Given material:
'''

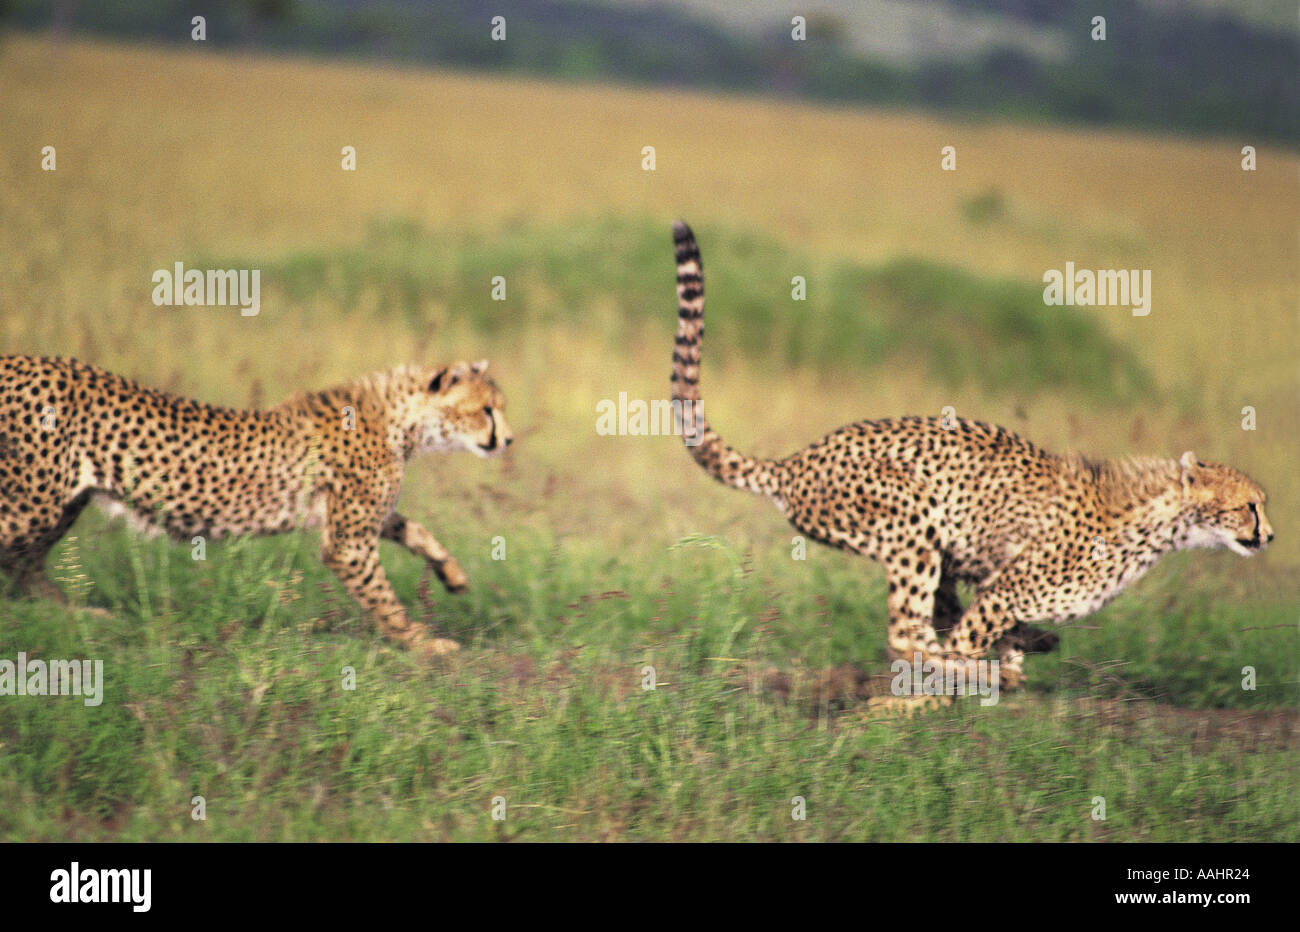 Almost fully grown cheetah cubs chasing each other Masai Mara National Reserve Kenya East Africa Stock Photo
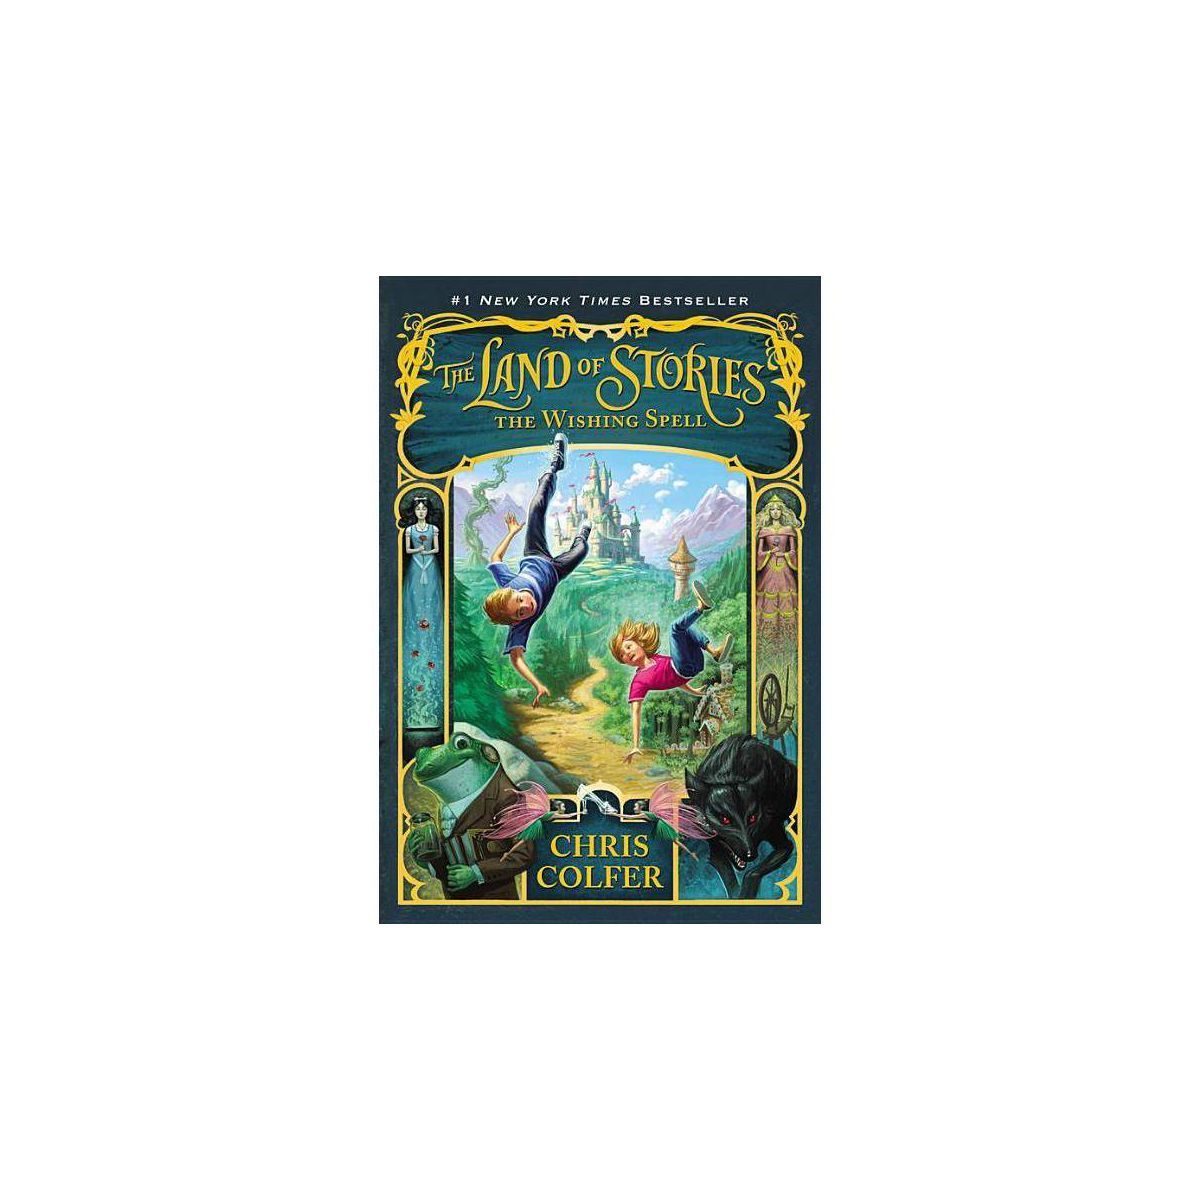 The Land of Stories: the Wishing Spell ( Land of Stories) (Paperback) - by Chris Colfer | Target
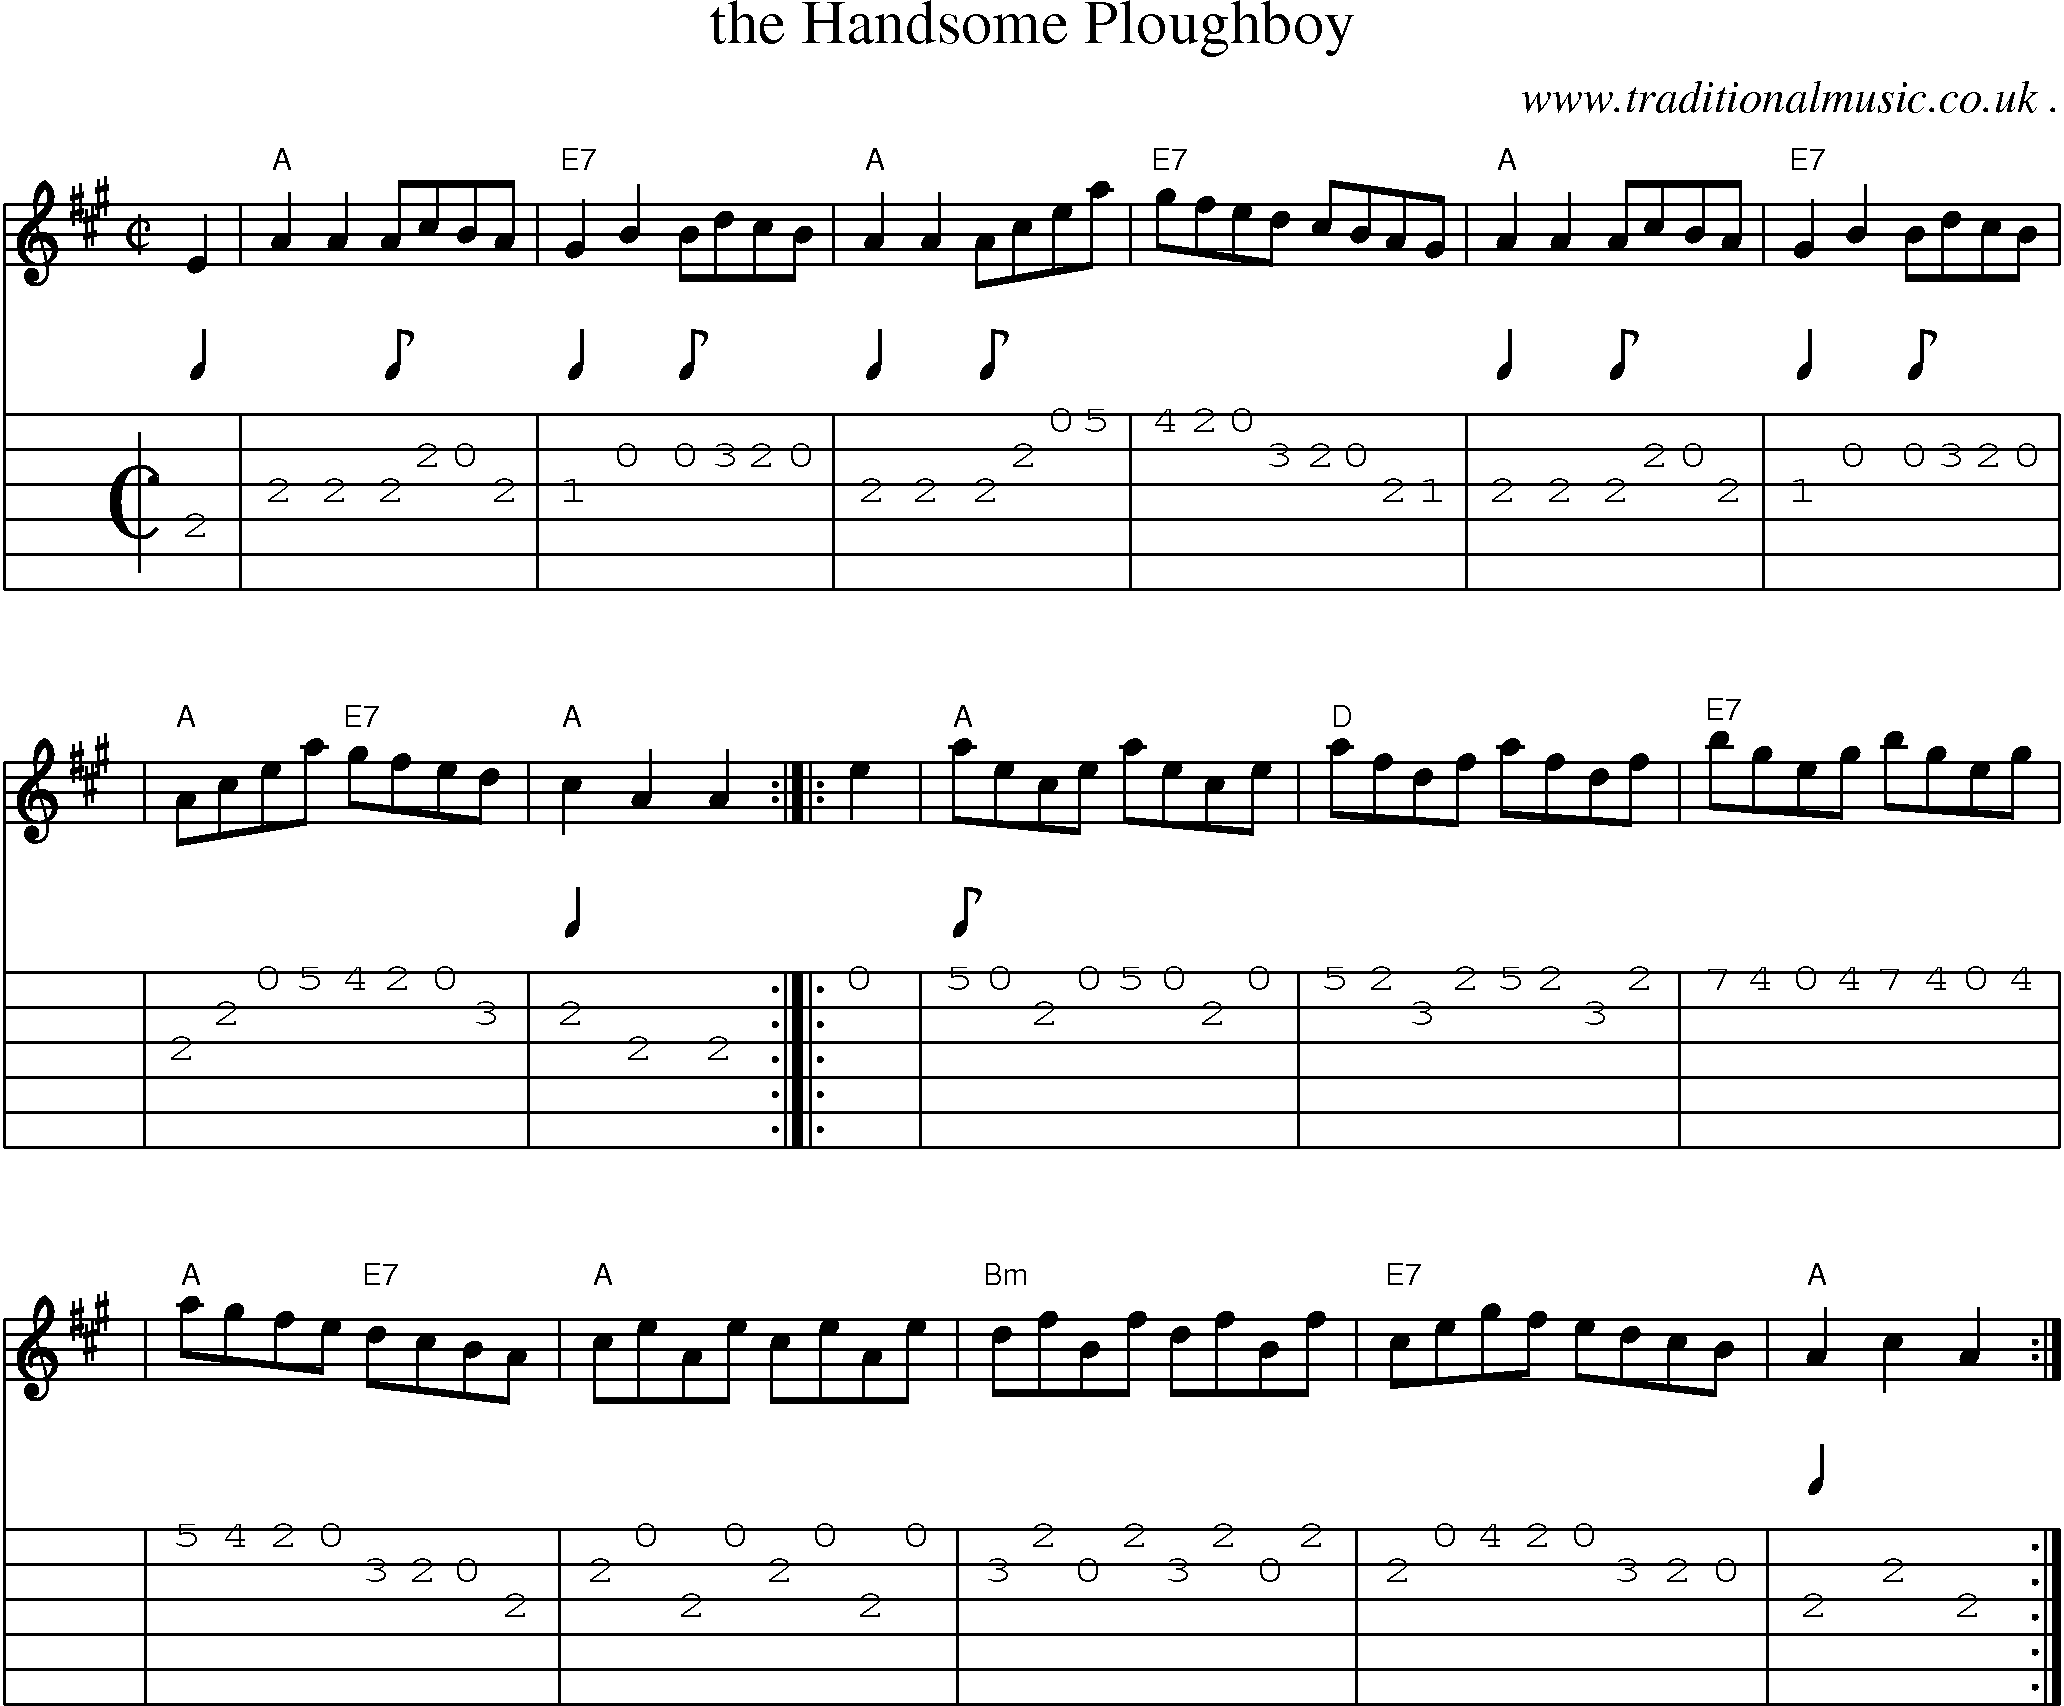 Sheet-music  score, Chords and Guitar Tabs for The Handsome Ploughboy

'''

Assignment: From start to finish, output the listing exactly, but omit its pictures.

The answer:
 Almost fully grown cheetah cubs chasing each other Masai Mara National Reserve Kenya East Africa Stock Photo
 The Land of Stories: the Wishing Spell ( Land of Stories) (Paperback) - by Chris Colfer | Target
 Sheet-music  score, Chords and Guitar Tabs for The Handsome Ploughboy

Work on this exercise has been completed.